Майор Штанов предложил создать доску позора, эта безумная идея никем всерьез не воспринималась, но в массы тем не менее проникла.

На столе звякнул телефон, соединяющий кабинеты напрямую. Судя по всему, Малахов поднял трубку и тут же ее опустил. Он таким вот способом вызывал к себе Максима или сделал это случайно.

Оказалось, что Малахов его вызывал. Он сидел за столом и с добродушной иронией смотрел на Максима. Мощный мужик, черты лица грубые, но не отталкивающие, скорее располагающие к общению. Взгляд у него был наполнен суровым добродушием мужика, уверенного в себе всегда и во всем. Он навевал спокойствие на своих и нагонял тревогу на чужих. Сильная шея, могучие плечи, каменные кулаки.

Примерно так и должен выглядеть боец октагона. Малахов всерьез увлекался боями без правил. Лига вроде бы любительская, но бьют там умеючи, вполне профессионально.

– Товарищ подполковник!.. – начал Павлов.

Но Малахов осадил его, движением руки указал на приставной стол.

– Проветриться не хочешь? – издалека начал он.

– Стряхнуть, так сказать, с себя бумажную пыль, да?

– Бумажная пыль, – сказал Малахов, глянув на шкафы, за стеклянными дверцами которых громоздились папки с подшивками. – Какая-то она здесь уж очень тяжелая.

– В сон клонит, – заявил Максим.

– Спать мы с тобой на пенсии будем. Человек пропал. Таксист. Заступил вчера в ночную смену и с концами.

– Так, может, загулял где?

– Вот и разберись, найди человека. Такое вот образцово-показательное задание.

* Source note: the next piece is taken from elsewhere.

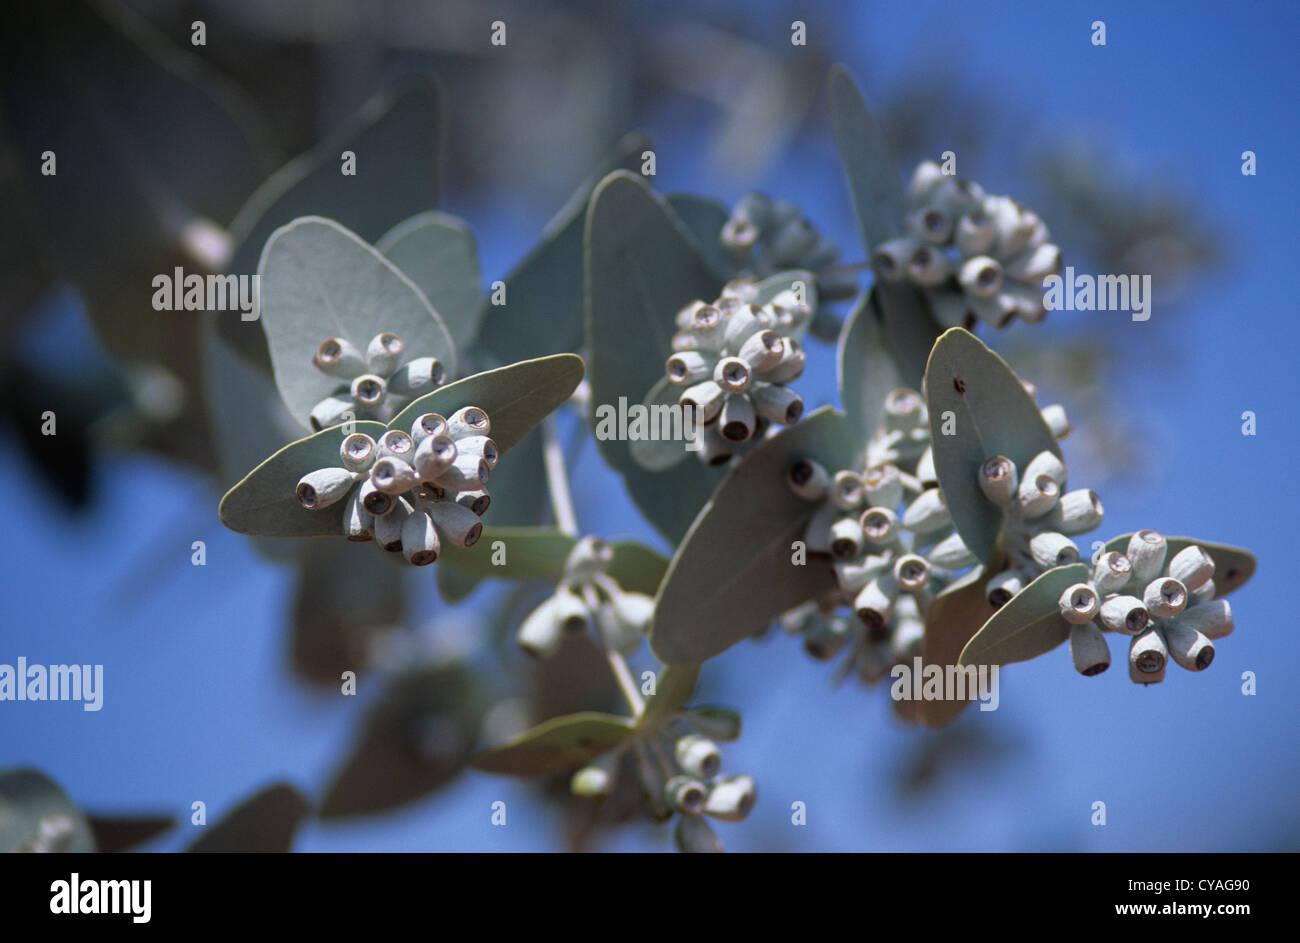 Australia native plantsflowers eucalyptus leaves and flower buds australia native plantsflowers eucalyptus leaves and flower buds species unidentified taken near alice springs mightylinksfo

– Образцово-показательное?

– Яхонтов уже ставки принимает, справимся мы или нет. Я думаю, примерно три к одному.

– Против нас?

– Против нас.

– Я тогда Стасова возьму, посмотрю, каков он в деле.

– Как он, на твой взгляд?

– Пока потемки. Но возможен свет в конце тоннеля.

– Солнечный свет? Или прожектор локомотива? – осведомился Малахов.

– Да кто ж его знает.

– Пусть Стасов старые дела дожимает, а новыми с Груздевым займись.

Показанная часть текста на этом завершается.